Regular exercise can help treat high blood glucose, blood pressure, and cholesterol; improve your mood; and increase your energy. Some patients are also able to reduce their doses of medications for diabetes with a good exercise routine.

Start slowly and work your way up

The first rule of the game is to set achievable goals. Begin by exercising a few days a week. Once you notice the effects of physical activity on your health and body shape, you’ll likely be motivated to increase the frequency and intensity of your exercise regimen. Until then, don’t sweat it! Here are some other helpful tips:

  • Persons with type 2 diabetes benefit most from a combination of aerobic exercise, which raises the heart rate through upbeat, rhythmic movement, and resistance training, such as lifting weights to strengthen the muscles
  • Avoid doing the same exercise or physical activity two days in a row to get maximal benefits.
  • If 30 minute workouts are too intense or you have trouble making time for them, try scattering three 10-minute sessions throughout the day. You might find it much easier to follow through with your fitness goals.
  • Invite a friend, join a class or work with a personal trainer. People who have strong social support are more likely than others to stick to their routines.
  • Always check with your health care provider first before starting a new exercise routine to be safe
  • Patients who are at especially high risk for cardiovascular complications or with a previous history of heart disease or stroke might need a stress test before beginning an exercise regimen.
  • Exercise lowers blood glucose.
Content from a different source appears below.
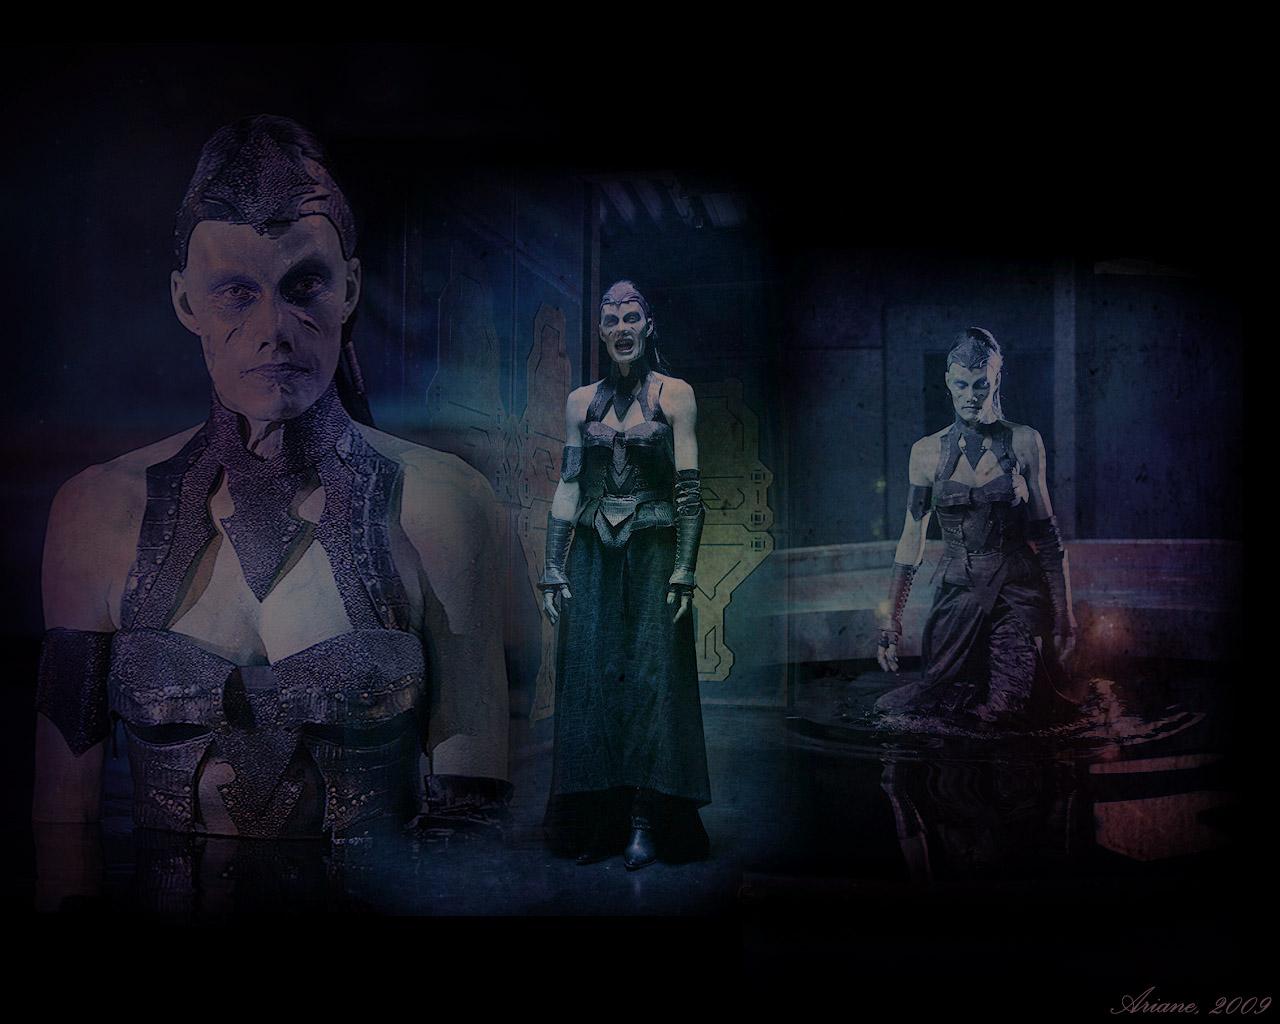 FS19 Halo Covenant Wraith v 2.0 - FarmingSimulator.NET  |Covenant Wraith Purple

If you have insulin-treated diabetes, ask your health care provider if your dose of insulin should be decreased on the days that you exercise.
  • Workout routines do not be elaborate or time-intensive; even three short 10-minute intervals spread throughout the day can start you off on the right foot.

Be Alert!

  • Stay hydrated. Drink plenty of fluids before, during, and after exercise.
  • Check your blood glucose levels before and after exercise to become familiar with your body’s response to various types of activity. Your blood glucose might respond differently to lifting weights than it would to a pickup basketball game, for example. Changes in blood glucose levels (high or low) can sometimes last as long as 12 hours after exercise.
  • Working out causes your body to burn blood glucose. For that reason, persons with diabetes often eat a small snack before and after exercise. Always keep a snack on hand in case your blood glucose drops too low.
  • Check your feet daily for blisters or other signs of injury. Discuss non-healing injuries with your health care provider as soon as you notice them.
  • Watch for symptoms of heart disease which may include lightheadedness, shortness of breath, and chest pain. Stop exercise immediately and alert your health care provider.
  • Stop exercising if you feel lightheaded, dizzy, chest pain, or have other signs of low blood pressure.